でも、そんな空気なんて関係なしに、沙和さんは笑顔で話を続ける。
「ありうっち! 次の文化祭には、ぜーったいあーしに票入れてもらうかんね!」
あー。あの話か。
シャインズ・ゲートで互いに正体を知った時、こんな話になったっけ。
「あら。沙和。私を差し置いて、そのような結果を得られるとでも?」
沙和さんの宣言を聞いた瑠音さんは、ピンクの髪を払い自信ありげに腕を組む。
「おいおい、お前等。票を強制なんかする奴なんかがモテるわけねえだろ。な? 千麻」
「そうですね。もしかすると、今年も同じクラスになった縁で、私を選んでくれる可能性はあるかもしれませんが。それもまた有内君の気持ち次第。心を動かせるかは、これからのお話かと」
喜世さんの僕を庇うような言葉に、千麻さんがまた眼鏡を直しそうフォローを──あれ? これからのお話?
「ちっちー。それってー、あーし達に勝てるよーって言ってる?」
「勝てるとは言っておりませんが、負けるとも言っておりません」
沙和さんの問いかけに、千麻さんが落ち着きを払いさらりとそう口にしたけど、なんかこういう反応ってちょっと珍しいよな……。
ただ、あまりにはっきりとそう言い切ったせいで、喜世さんが赤髪をガシガシと掻き呆れ顔をする。
「千麻。お前、それこそ宣戦布告じゃねえか」
「あら。
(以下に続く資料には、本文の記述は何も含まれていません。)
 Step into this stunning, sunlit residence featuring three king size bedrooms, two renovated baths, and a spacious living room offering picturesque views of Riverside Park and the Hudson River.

貴女も彼に気を遣う振りをして、票を稼ぐ気ではありませんこと?」
「そ、そんなことあるわけねえだろ! ったく……」
なんかこのやり取り、演技にしても真剣さをひしひしと感じるのは気のせいかな。
ただ、僕に絡むための理由付けとしては正当だし、周囲を信じ込ませるには十分かもしれないけど。
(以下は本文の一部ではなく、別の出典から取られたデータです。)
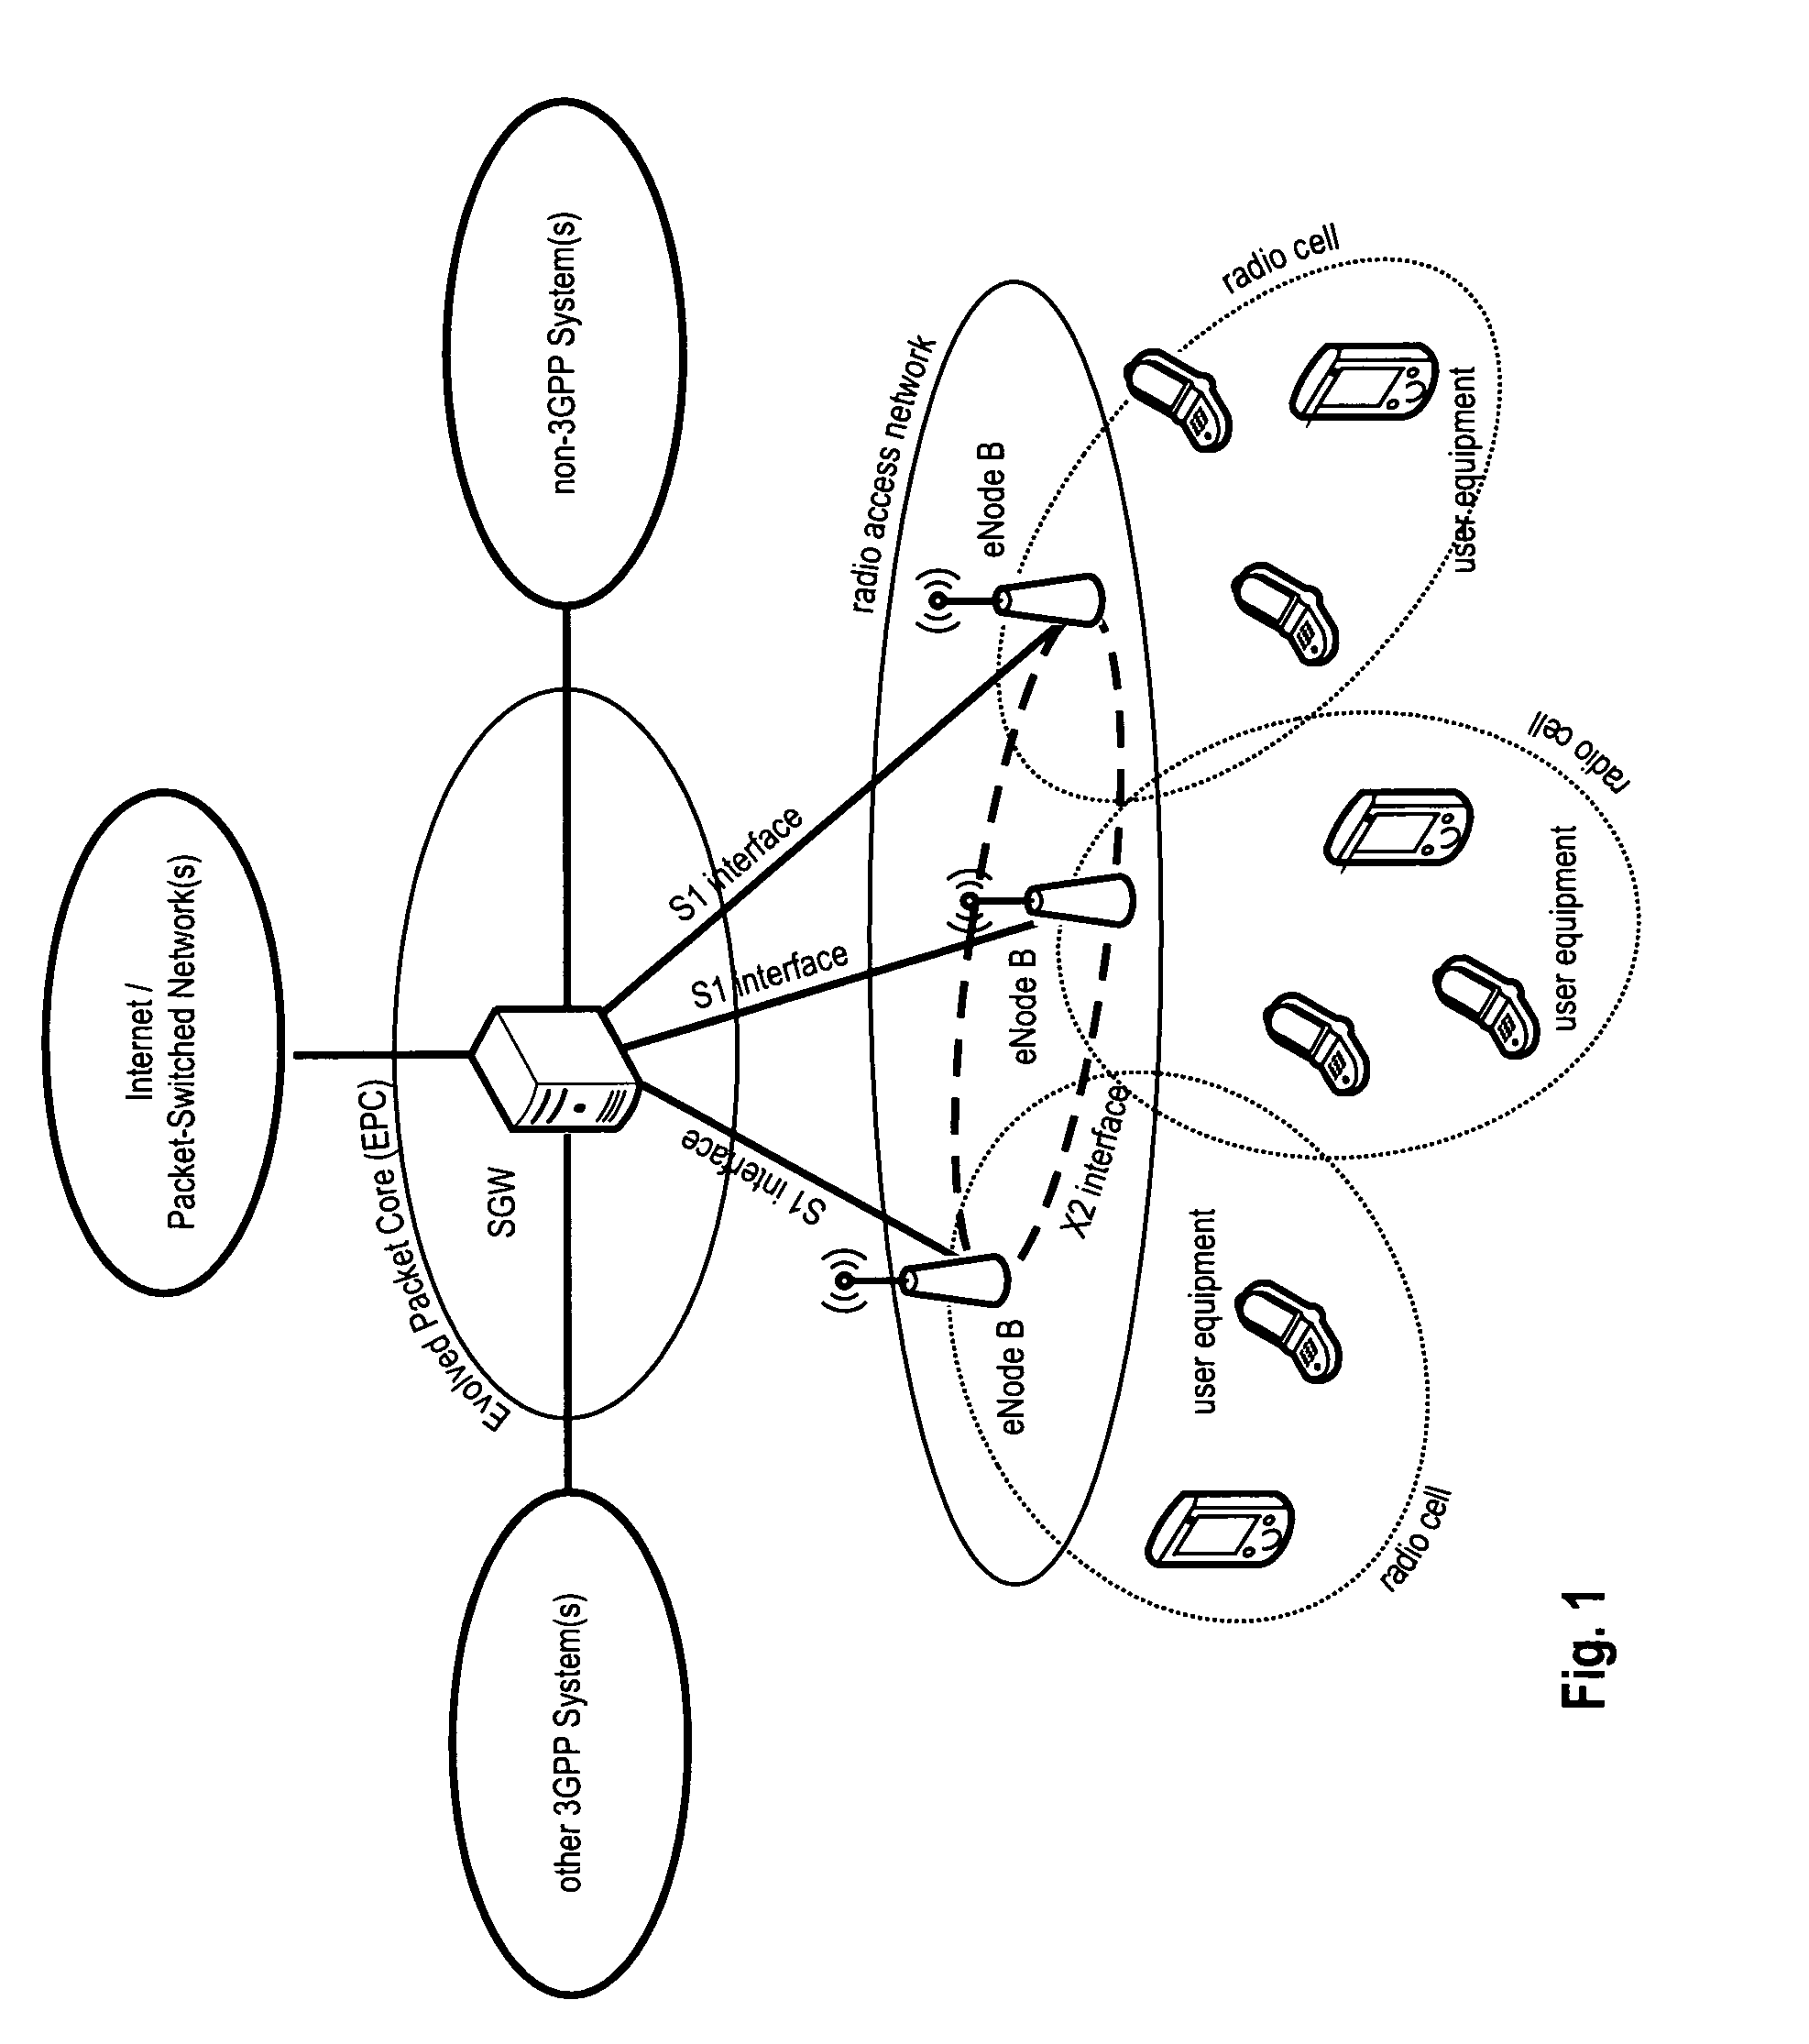 Buffer status reporting in a mobile communication system

とはいえ、TOP4の予想外のやり取りは、周囲をにわかに騒がしくしてる。
流石にこのまま話を続けるのも……そうだ。
「あ、あの。僕、今日日直だから、そろそろ戻らないとなんで」
僕はまるで他人の事のように、四人のやり取りそっちのけでそう口にすると、彼女達が思わずこっちを見た。
「マ!? タイミング悪くてごっめーん!」
「う、ううん。気にしないで。それじゃ、悪いけど先に──」
「有内君。私は沙和にあなたを紹介したいと案内されただけですので、一緒に戻りましょう」
「え?」
「ま、俺も同じだ。どうせだし一緒に行こうぜ」
……あれ? ここは素直に解放してくれないの?
もしかして、僕がTOP4の標的にされてるってより強調したいのかな?
「じゃーあーしももーどろっ! るとっちは?」
「愚問ね。教室までの間に、私の魅力を存分にお話いたしますわ」
なんか、瑠音さんなら実際にやりかねないかも。
そんな事を思い自然と苦笑してしまう。
「えっと、じゃあ、行く?」
「おっけー!」
「よろしくてよ」
「ああ」
「では、参りましょう」
僕が歩きだすと、その脇に四人が並び歩き出した。
周囲の生徒達はあまりに予想外の展開に、声も出せず驚愕してる。
この中で、貴堂君みたいな相手が出てきたりしないか。そんな不安に身を震わせそうになったけど、僕はそれを無理矢理気持ちで抑え込んだ。
TOP4と友達でいるんだったら、この先きっとそういった覚悟もいる。
勿論、周りからすれば、今の状況はTOP4の気まぐれに見えるはず。
僕が周囲にTOP4の友達って認めてもらうには、まだまだ沢山ハードルがあるけれど、少しずつでもそれを超えていこう。
僕は彼女達に囲まれ気まずそうな振りをしながら、一人そう決意を固めたんだ。